Hugh Jackman in a still from ‘Logan’.
Hugh Jackman in a still from ‘Logan’.

A fitting requiem to the most recognisable X-Man, James Mangold’s Logan gives the towering Hugh Jackman a vast canvas for his swansong. In the film, Logan, better known as the hirsute, iron-clawed Wolverine, is much weakened and weathered but no less violent. This curtain call spares no punches, but it does so with an emotional undercurrent.

The year is 2029. Mutants have been all but eradicated or banished from North America. A few manage to hide out, adopting new identities and learning how to manage their powers. Logan is now a limo driver with a persistent cough, spectacles and a drinking problem. He is saving up for a life of exile on a boat while also caring for a much-depleted Charles Xavier (Patrick Stewart) with the help of albino Caliban (Stephen Merchant).

But Logan’s plans take a turn with the arrival of a next-generation mutant. With the introduction of Laura (Dafne Keen)—a female mini-Wolverine—the film becomes even more visceral than it already was. Laura remains mute for the most part, but when she’s enraged she screeches like a banshee and turns into a killing machine with metallic claws. Logan may have a pre-teen leading lady, but this is no film for kids.

Logan and Laura’s fates get intertwined when she convinces him to take her to a safe haven (which she’s read about in a comic book) for new age mutants. In a meta moment, Logan tells her that she shouldn’t believe all she reads. As they try to make the deadline for a meeting in North Dakota, they are hotly pursued by a private agency trying to capture the girl. The styling of Boyd Holbrook (as Donald) and Richard E Grant (as the scientist Dr.
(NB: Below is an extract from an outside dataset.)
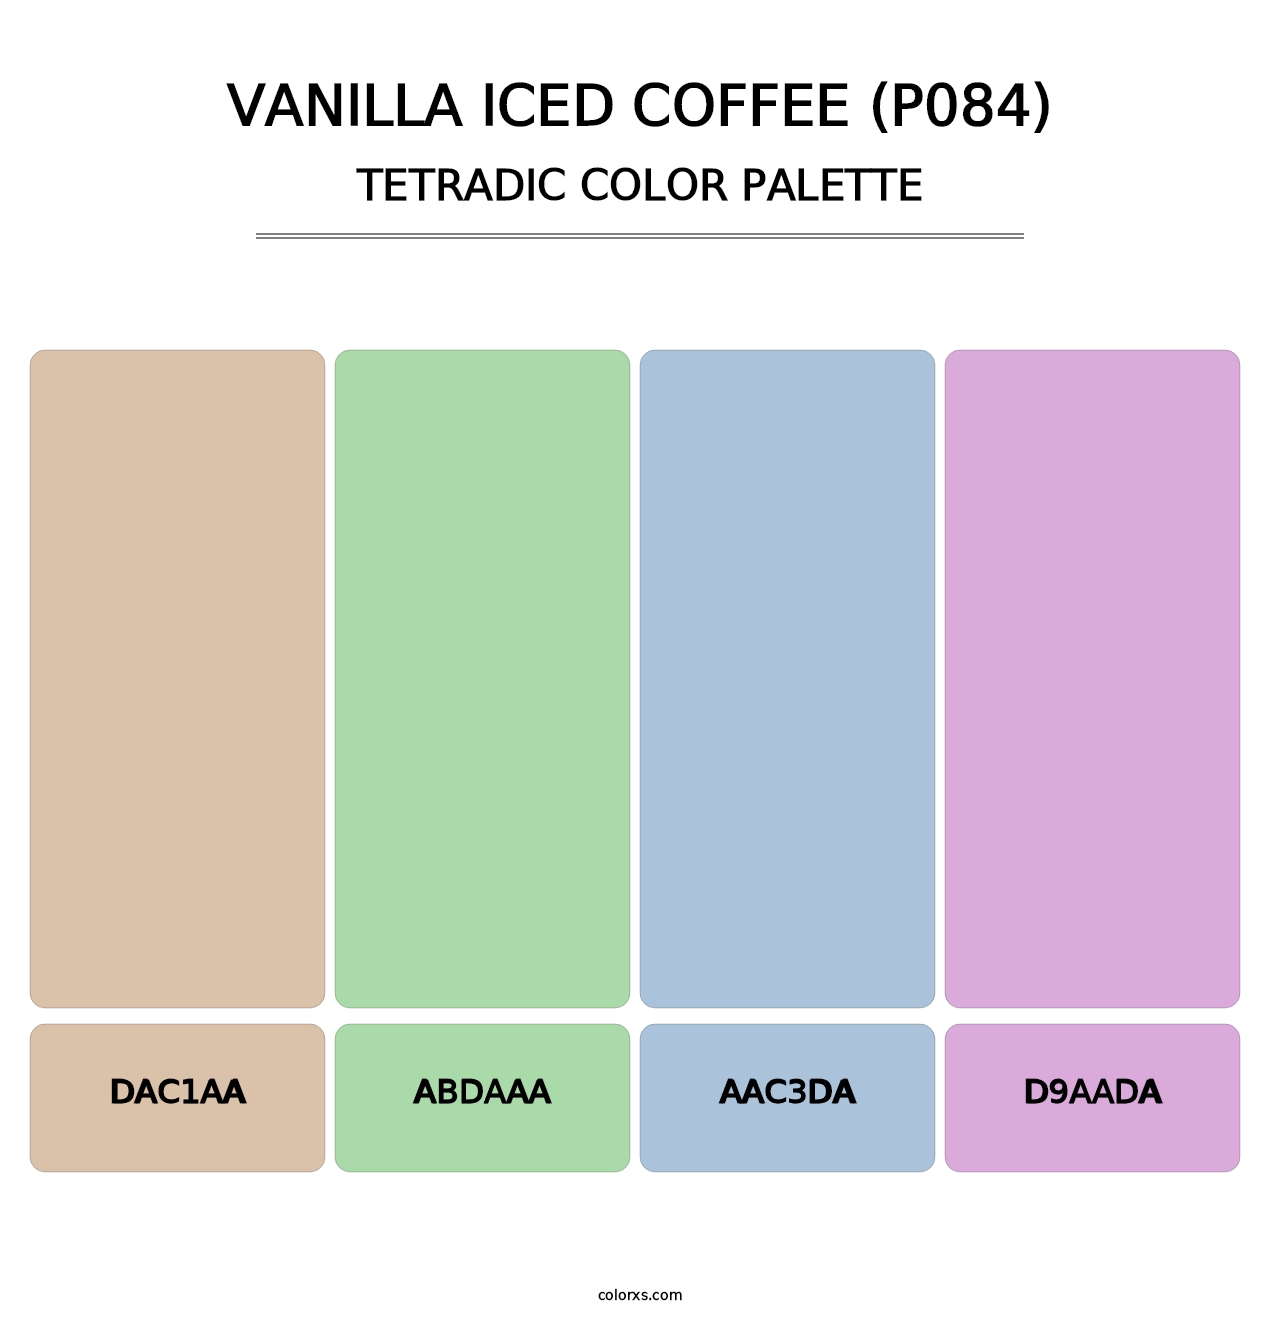 Vanilla Iced Coffee (P084) - Tetradic Color Palette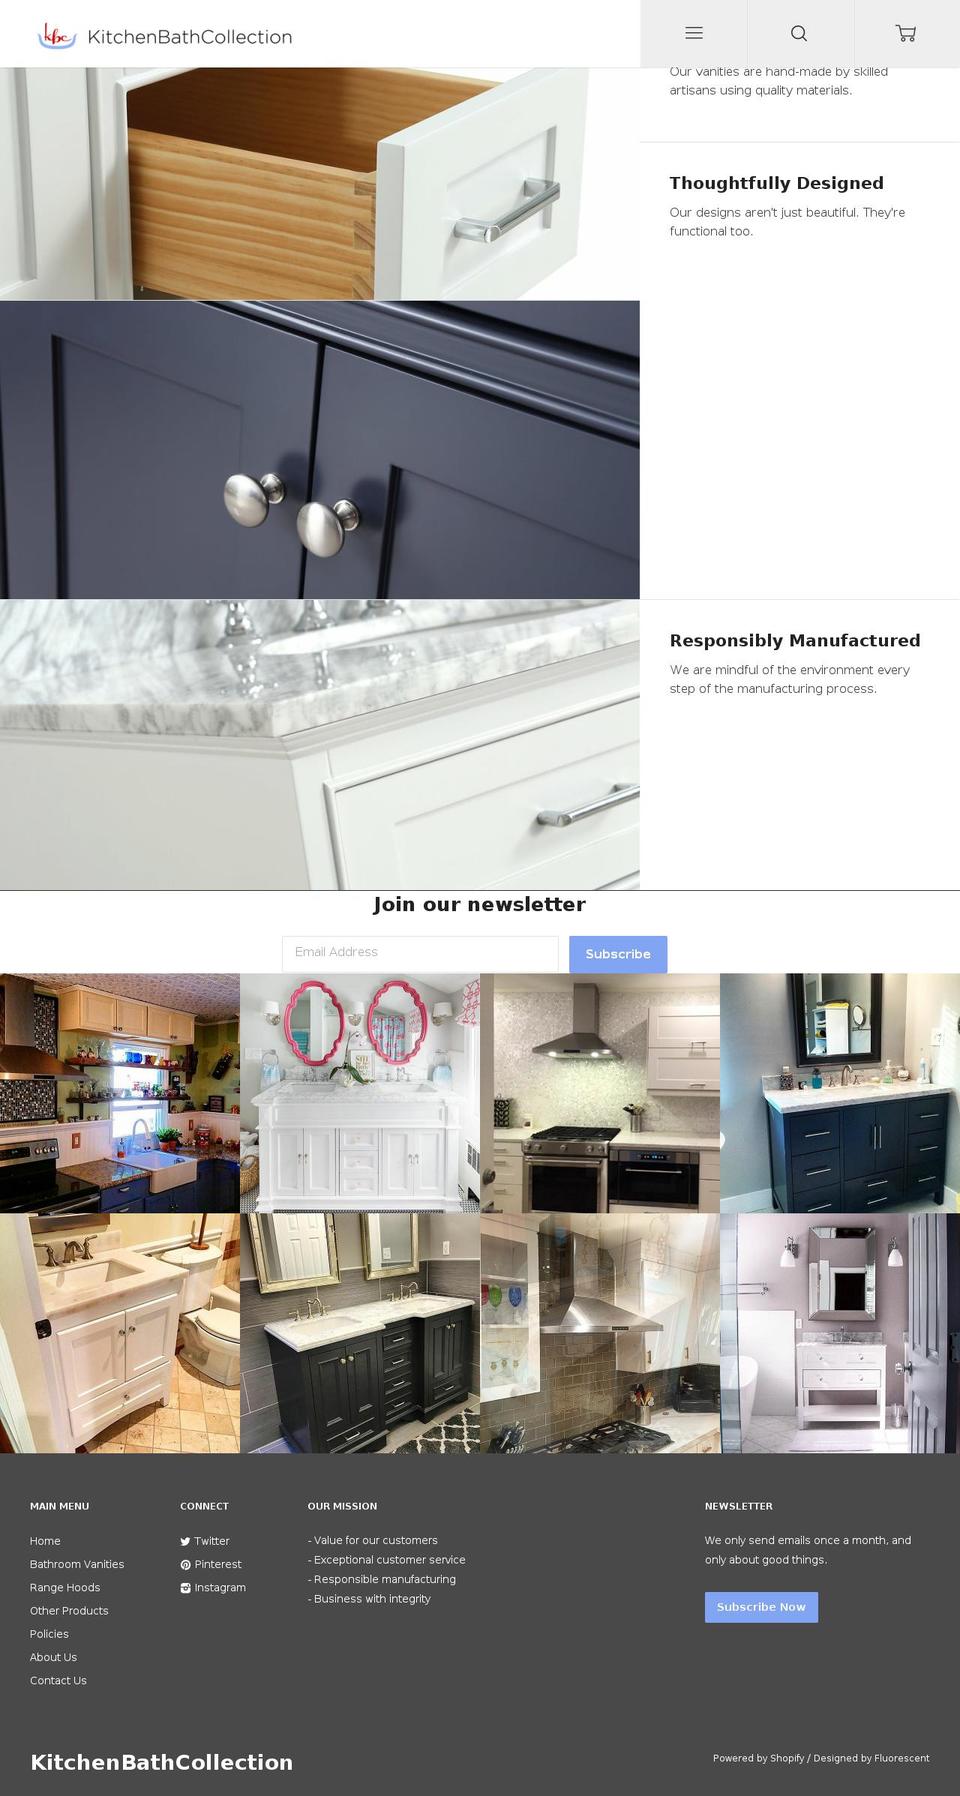 kitchenbathcollection.com shopify website screenshot

Rice) and some crazy desert chases have echoes of a dusty western much like Mad Max.

To Mangold’s credit, you don’t feel the running time of 140 minutes, and there’s something poignant about seeing an aging Logan losing his indestructibility and inching towards an inevitable end.

After playing Wolverine a staggering nine times, if Jackman is indeed done with the facial hairstyling, growling and slicing claws, he’s ensured you are left feeling the loss.